The National - Boxer

‘Boxer’ offers a continual flight of fancy that takes the arrangement levels up a grade without losing out to overproduction.


The National’s latest release has had many a muso feverishly awaiting its release, and from the opening luxurious simplicity of ‘Fake Empire’’s piano and rich vocals which present lush arrangements and a warm resonance, they’re unlikely to be disappointed with an album which brims with effortless intoxication, swelling and convulsing in a breath sifting through the external intrusions to engulf the listener.

‘Mistaken For Strangers’ has an air of Interpol surrounding it, as vocals are pounded by drums, while revealing lyrics are riddled with cynicism. Rat-a-tat drumming through ‘Brainy’ is accompanied by the husky growled tones of Matt Berninger sounding devoid of emotion, yet sung straight in to the listener’s ears as if an intimate secret is being divulged. ‘Slow Show’ then sets off on foot, defiantly stepping forward with a spring in the step. The tempo is increased as layers fall on each other crafting with each stroke a new twist.

Barely legible vocals in places glide atop a driving track with a hook to raise the tone to a point of clarity on ‘Squalor Victoria’, whilst a more traditional folk feel to the strings encapsulates ‘Ada’ - overflowing with promise and hope. As the vocals and melody intertwine, they purvey a sense of welcoming in their midst.

‘Apartment Story’ has a society in decline overtone (‘stay inside until somebody finds us/do whatever the TV tells us’) but is done with such aplomb that it doesn’t sound such a dreadful thing. A sparse rhythm pushes ‘Start A War’ along, allowing the lyrics to take the fore as they ring through with disillusionment yet defiant resolution. One of the stand out tracks, ‘Green Gloves’, has delicate strings and an echo to the vocals, giving the feel that it was recorded in a mountain shack remote from civilisation, bare and distanced as the sound of internal reflection resounds.
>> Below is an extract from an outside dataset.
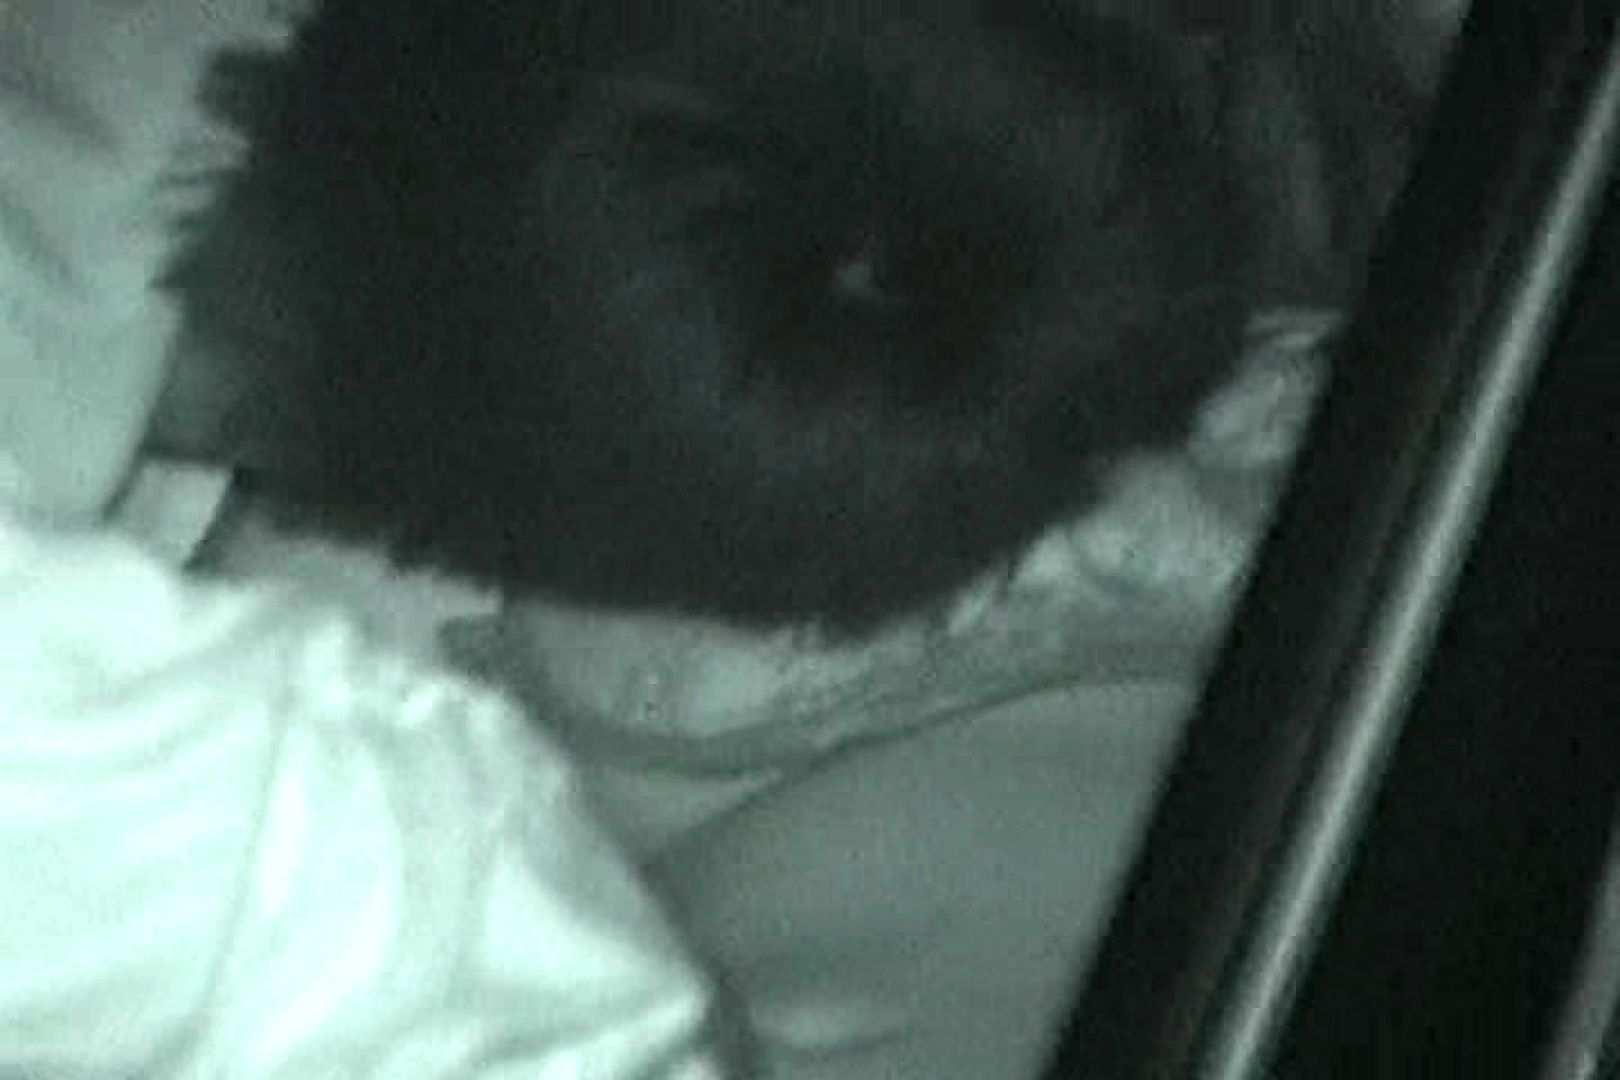 充血監督の深夜の運動会Vol.103 OLの実態 覗き性交動画流出 92pic 70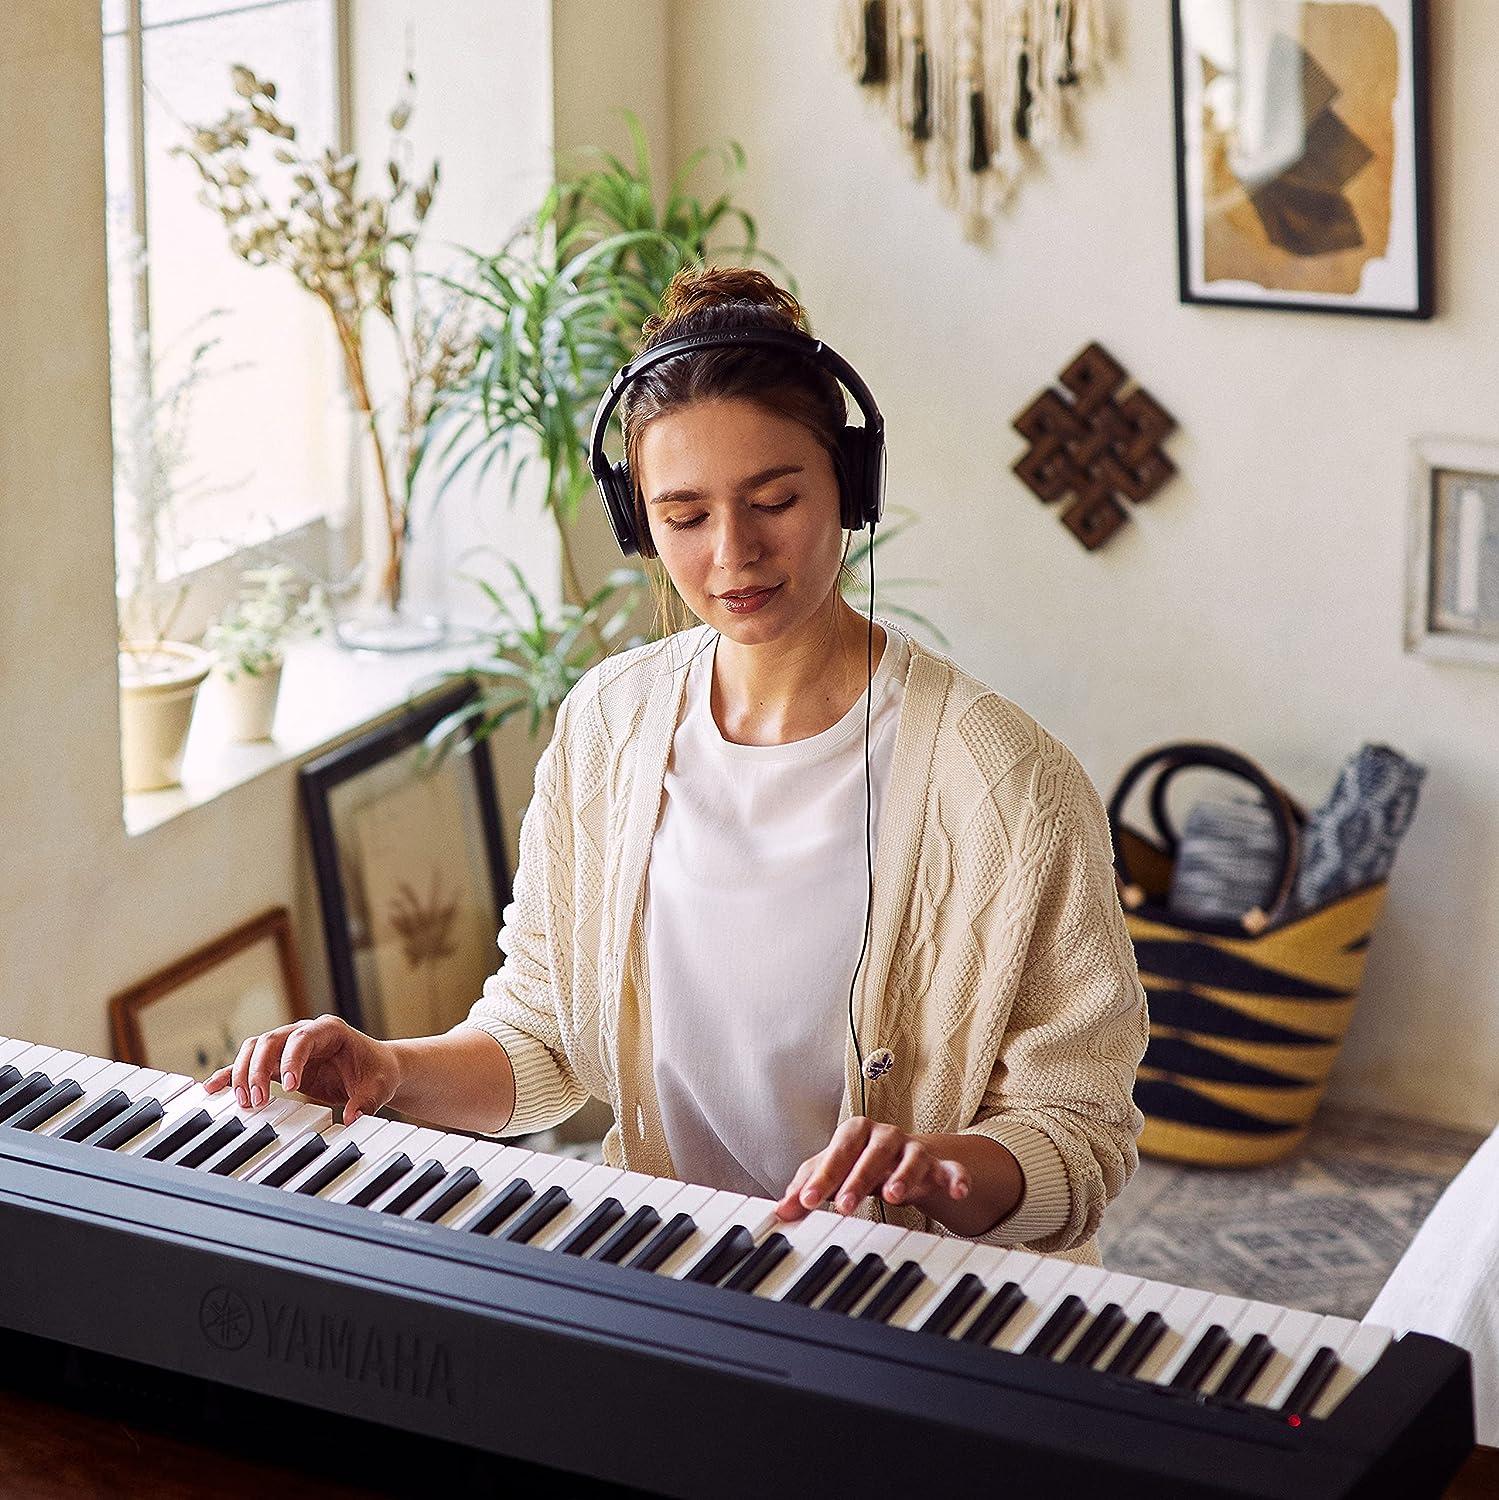 Yamaha P-45 - Piano digital ligero y portátil para aficionados y principiantes, color negro

Rounding off with a genteel offering in ‘Gospel’ to soothe and close an album with universal appeal; trendy enough for the hip horde and stable enough for the more conservative amongst the crowd. ‘Boxer’ offers a continual flight of fancy that takes the arrangement levels up a grade without losing out to overproduction to produce a finely honed album of proficient execution.